Can't send a link with my iPhone but search for TasunkaWitko's post on Greek Spareribs. I tried his recipe on a pork top loin roast and we really liked it. Pretty simple. Equal parts of everything.


----------



## fpnmf (Oct 8, 2012)

I use salt pepper onion and garlic...thats all unless I have 2 going in..then some slap yer mama hot...


----------



## mballi3011 (Oct 8, 2012)

I'll tell you an old secret. I have been using Old Bay for years now. If you want a good bark add some brown sugar to the mix. Maybe 60/40


----------



## cpepper5702 (Oct 14, 2012)

Ive been using this rub of mine for sometime now. Hell, I use it on steaks, ribs and pork. It's pretty darn good! With this recipe I rubbed down 2 Boston Butts and had about a quarter cup left. I also caked it on there to get a nice bark! Again, AWESOME on steaks! A secret that I learned on here and maybe you already know "guess it wouldn't be a secret :biggrin:, mustard! Put some mustard on there. It acts as a bonding agent and keeps the rub on. The heat will burn off the taste some and keeps the rub on. On to the recipe!

1 Cup - Brown Sugar
1/2 Cup - Paprika
1 tsp - Course Black Pepper (I like the McCormick's worcestershire black pepper blend)
1 1/2 Tbsp - Garlic Powder
1 1/2 Tbsp - Onion Powder
2 Tbsp - Kosher Salt (I don't always use kosher)

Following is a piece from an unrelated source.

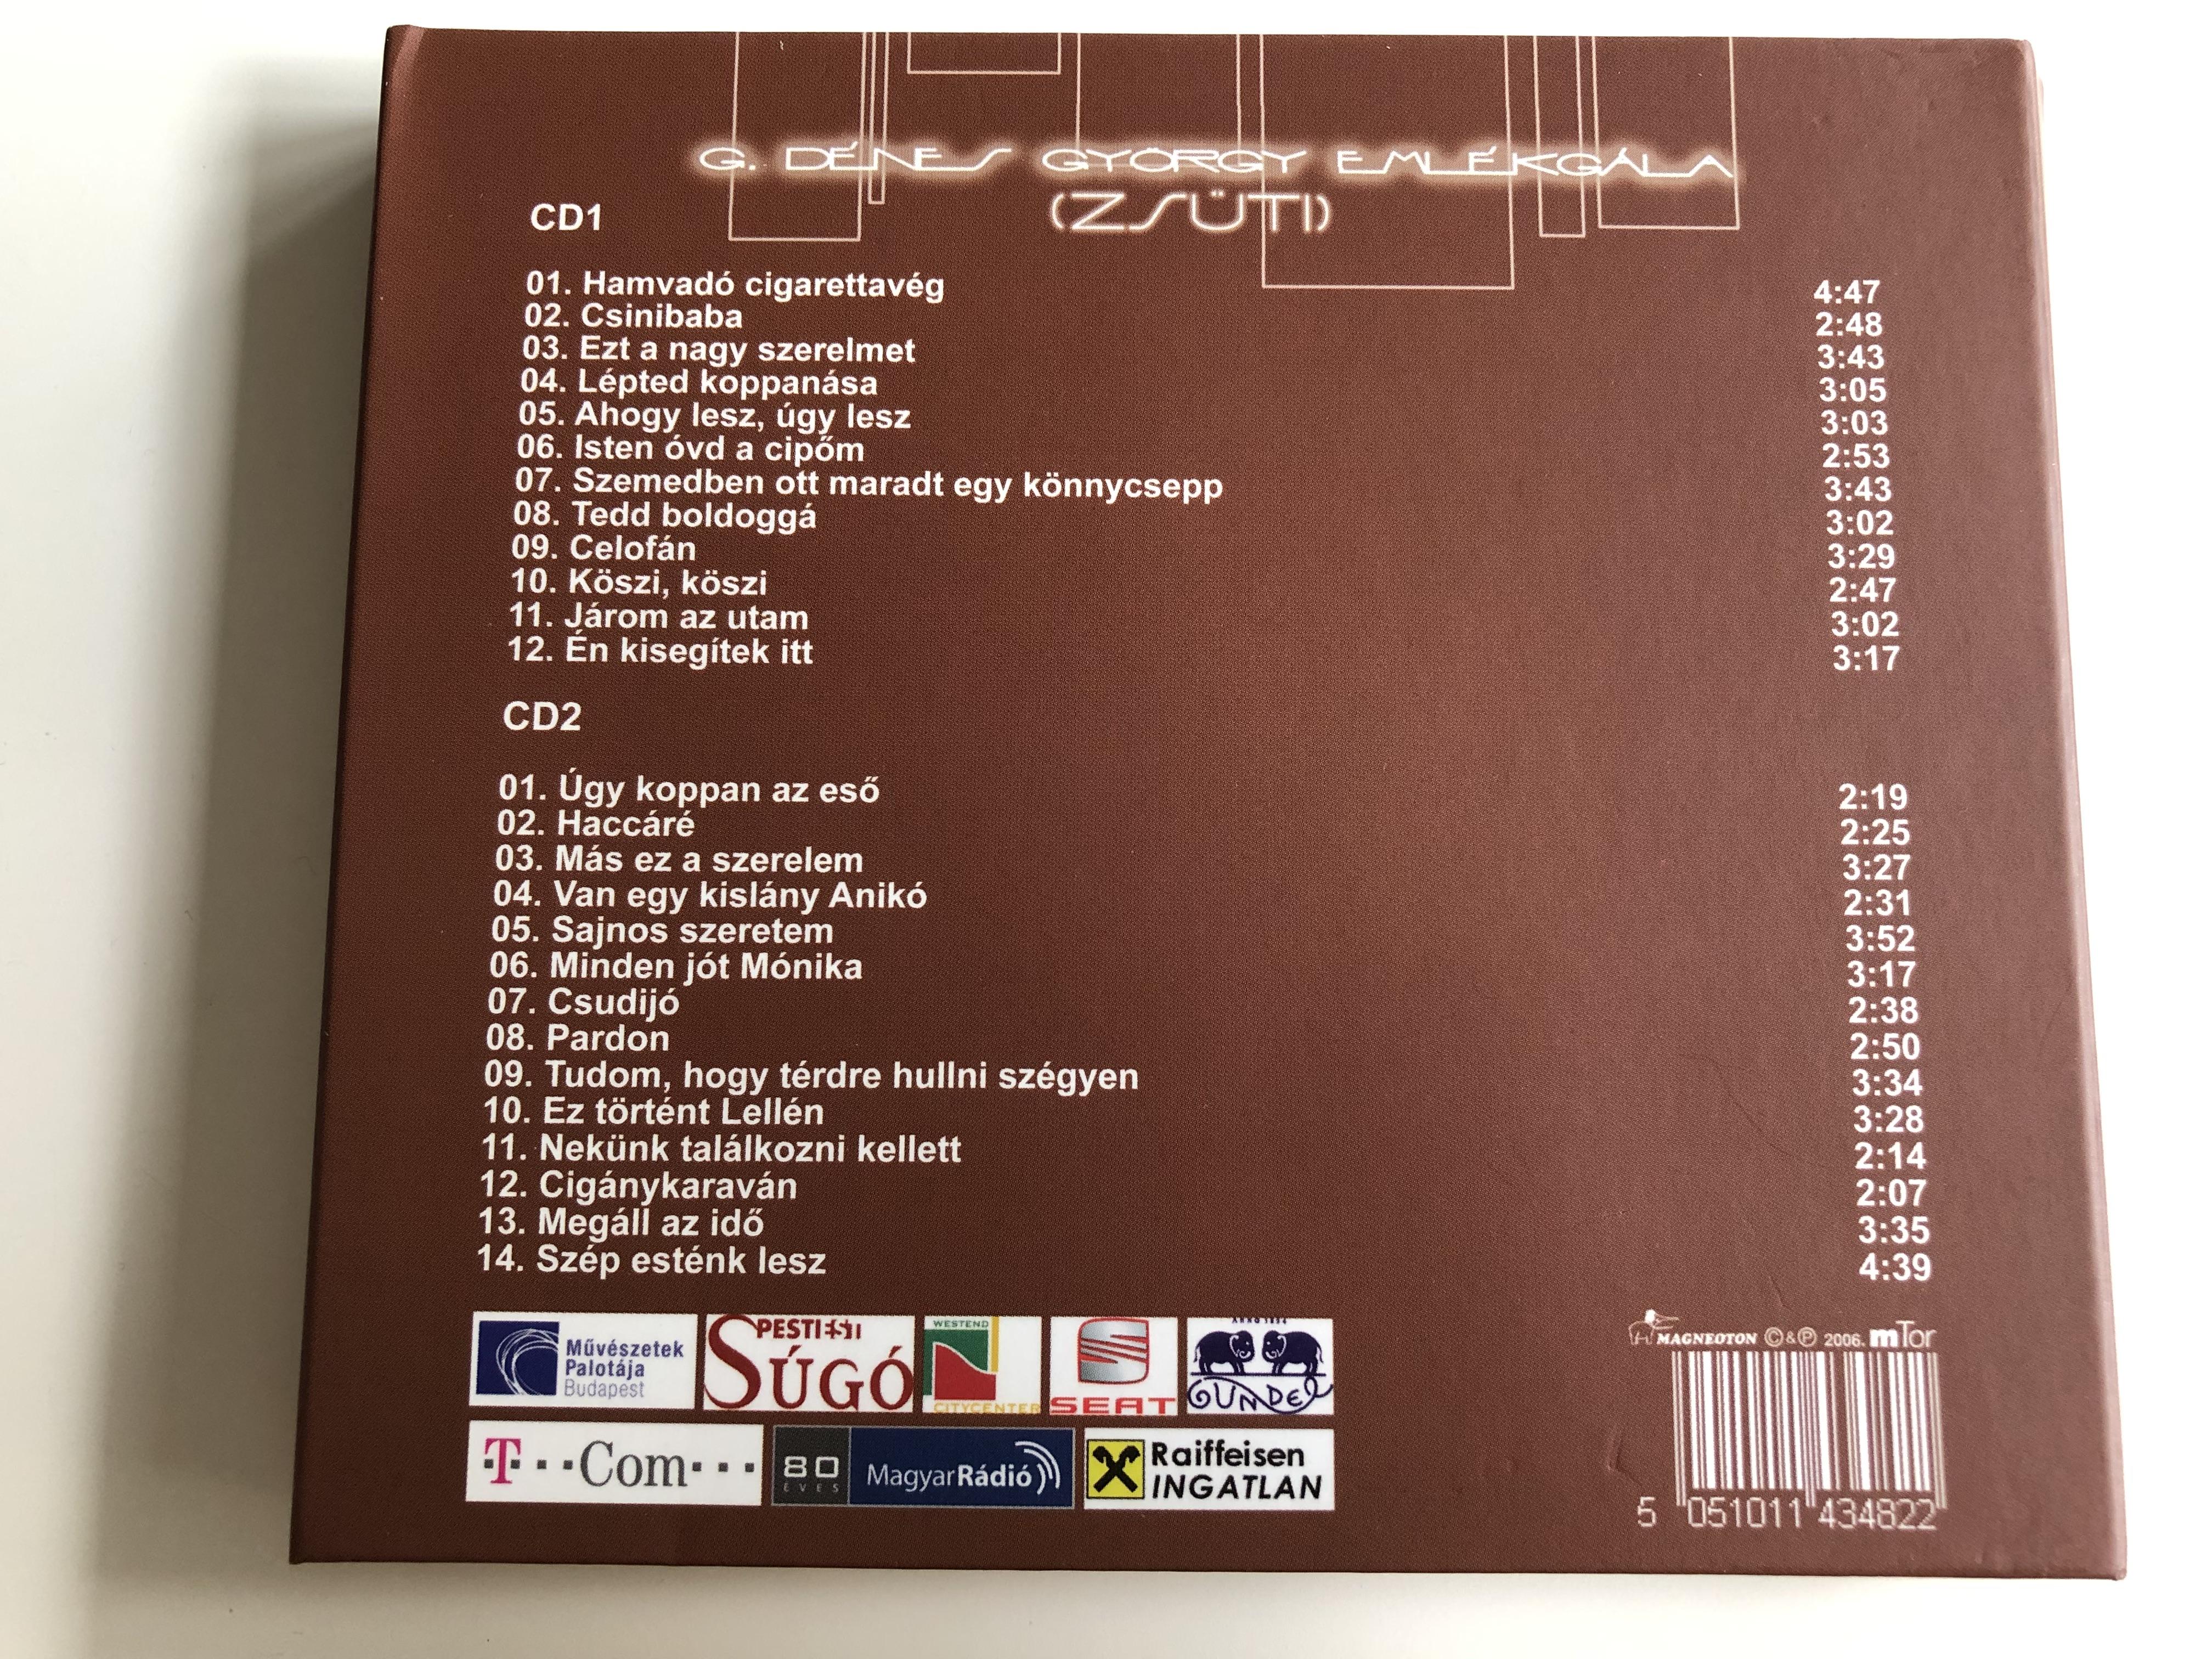 g.-d-nes-gy-rgy-eml-kg-la-zs-ti-danubia-symphony-orchestra-r-tonyi-r-bert-concert-master-bujtor-bal-zs-magneoton-audio-cd-2006-10-.jpg

** Adjust the black pepper for heat!



Enjoy brother!!

- Colton


----------



## roller (Oct 14, 2012)

Salt and Pepper ! Thats pretty basic unless you leave the pepper out...


----------



## thunderdome (Oct 14, 2012)

mballi3011 said:


> I'll tell you an old secret. I have been using Old Bay for years now. If you want a good bark add some brown sugar to the mix. Maybe 60/40


I'm gonna have to try this :)


----------



## oldschoolbbq (Oct 14, 2012)

Welcome to the forum , if the Chile is the problem and you want a little of the Southwest flavor , add a bit of Cumin in the place of the Chiles. Just sayin'........

Have fun and...


----------



## kathrynn (Dec 18, 2012)

I don't like sticky BBQ....prefer dry. I take the brown sugars and put it on a cookie sheet. Pop in the oven at 200 degrees for about 20-25 minutes. The heat dries the sugar...then I grind it into a powder then add the other ingredients.  Put the mixture thru a sieve the get rid of the hard bits. Just a bit of what I like to do with my rubs.


----------